South Koreans elected Moon Jae-in as their new president on Tuesday against a backdrop of heightened United States-North Korean tensions. Yet North Korea did not dominate the campaign. South Korean voters were focused on the economy, corruption and other domestic issues like air quality. Before the voting, only 23 percent of voters said that international security was the most important issue to them.
Mr. Moon, a center-left human rights lawyer who will take office as soon as this week following the ouster of former President Park Geun-hye in a corruption scandal, is a dove inclined to start negotiations with the North Korean leader, Kim Jong-un. His candidacy was most likely bolstered by President Trump’s tough talk against the North Korean regime, which is widely seen here as dangerous bluster.
South Korean equanimity toward the North’s threats surprises Westerners, but the South Koreans have lived for decades with Pyongyang’s provocations and, more recently, the nuclear program. Young South Koreans increasingly consider the North Korean menace a fact of life. South Korea’s vulnerability to a devastating attack from the North — Seoul’s northernmost suburbs begin just 20 miles from the demilitarized zone — adds to the sense here that the South should do everything it can to avoid war.
An overture from the incoming Moon administration to start talks with Pyongyang should be made with caution. Engagement with North Korea has a mixed, if not poor, record, and new talks would be more effective if started from a position of strength. It is vital that Mr. Moon pursue policies to decrease his country’s vulnerability to attack, while dangling the possibility of talks. Beijing and Washington are key to any deal with North Korea, but Seoul can do a lot on its own.
South Korea spends only 2.6 percent of its gross domestic product on defense. To strengthen Seoul’s negotiating position, Mr. Moon could indicate he will spend more on military preparedness. Civil defense (preparation of the civilian population for North Korean urban strikes), improved pay for conscripts, more intelligence, homegrown missile defense and stronger cyberdefense would help make up for Seoul’s military vulnerabilities.
South Korea and Japan could work together much more to show a united front. Such coordination is undercut by persistent tension over the history of Japanese colonialism in Korea. South Korea’s historical concerns with Japan have legitimate roots, but there is too much exaggeration — such as routine suggestions in the media that Japan is remilitarizing with designs on Asia — and not enough recognition that modern Japan is a liberal democracy and a potential ally against the North.
Seoul and Tokyo should agree to avoid separate deals with the North and reject Pyongyang’s efforts to play them against each other. Mr. Moon and his left-wing base are hostile to a recently signed South Korea-Japan intelligence-sharing pact, but he should consider that South Korea benefits from it more than Japan. Military cooperation in adjoining air and sea spaces would be ideal.
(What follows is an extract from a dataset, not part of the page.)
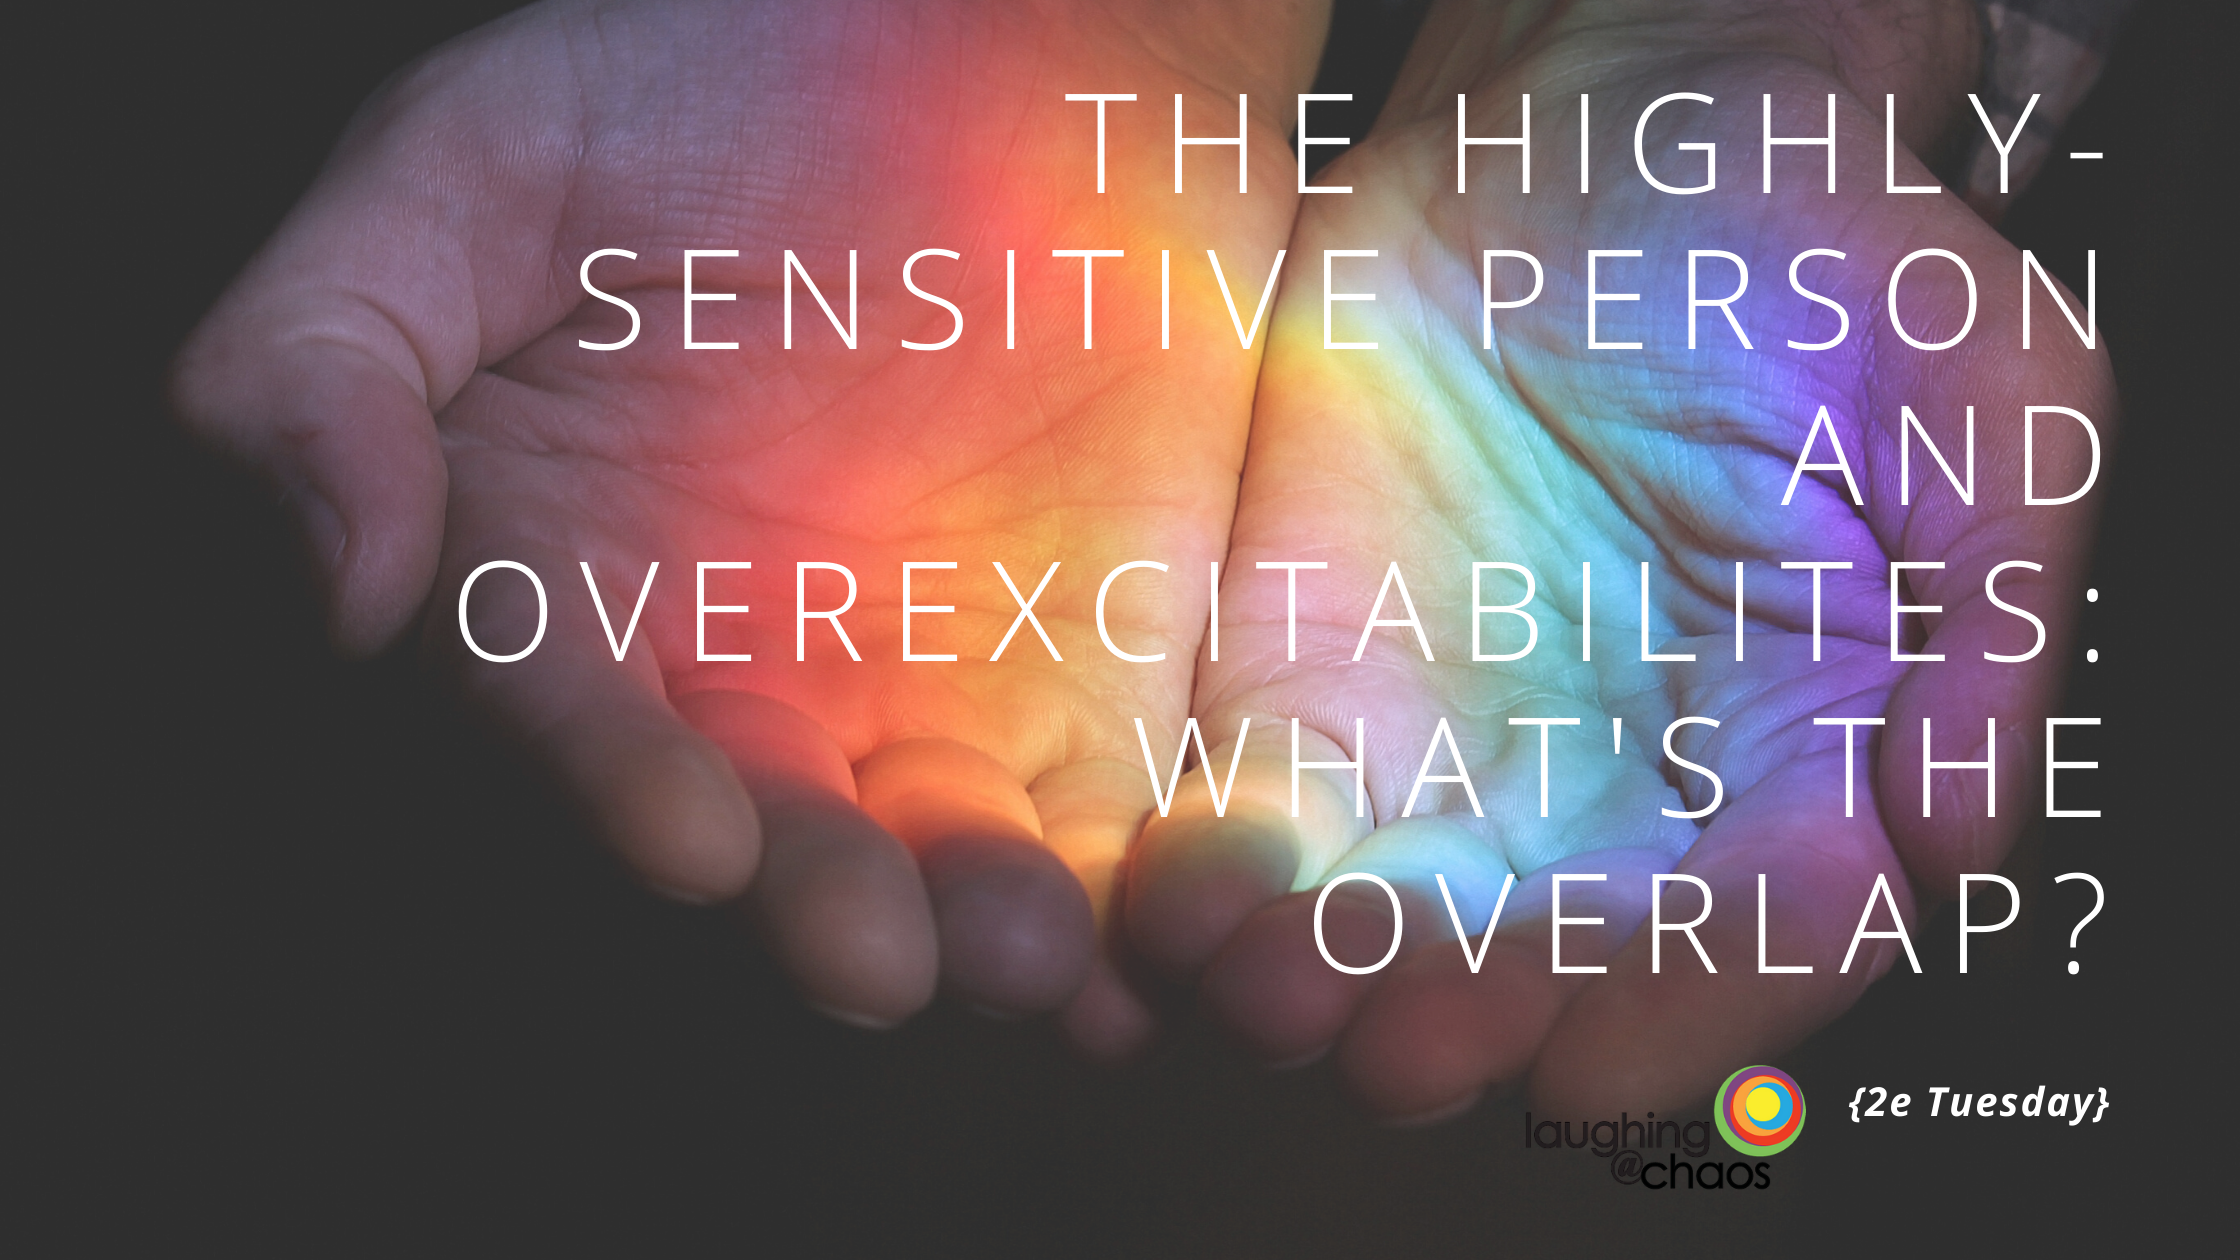 {2e Tuesday} The Highly-Sensitive Person and Overexcitabilites: What’s the Overlap?

To further improve South Korea’s position, Seoul and Washington need to persuade Beijing to reduce trade with North Korea. Pyongyang is dependent on China for resources and access to the world economy. Cutting off North Korea would slow the nuclear and missile programs, and a reduction in luxury imports would put pressure on the regime elite.
Beijing is already obligated to enforce the existing sanctions against Pyongyang but does so haphazardly because it fears a North Korean implosion. Mr. Moon should work with Beijing to reassure its anxieties over a post-North Korean order, including the possibility of United States forces on the Chinese border, which prompted Chinese intervention in the original Korean conflict in 1950.
Given Seoul’s vulnerability to attack, Mr. Moon should also do much more to encourage the decentralization of the country away from the Seoul area. Fifty percent of South Korea’s population lives in the Seoul-Gyeonggi-Incheon corridor — 26 million people in a space roughly the size of Connecticut, directly abutting the border. The South Korean presidential residence is only some 23 miles from the demilitarized zone. It is long overdue for the government to start halting Seoul’s uncontrolled growth.
Previous efforts to move the capital have failed. President Roh Moo-hyun tried unsuccessfully to move it 75 miles south to Sejong City — though some government ministries and administrative departments have relocated there since 2004, showing decentralization is possible. There are also tax and regulatory incentives in place for South Korea’s conglomerates, like Samsung and Hyundai, to relocate out of Seoul, but many remain centered in, or directly adjacent to, the city.
The South Korean government already intervenes heavily in the economy. Why not do so to encourage more dispersed settlement?
South Koreans have seen it all from the boy who cried wolf to the North and know what to expect from a third iteration of the Kim dynasty. What no one knows is what Mr. Trump will tweet next. South Koreans don’t know whether Mr. Trump realizes just how vulnerable their country is to attack. But despite their differences, Mr. Trump and Mr. Moon now have a chance to build on their countries’ decades-long alliance.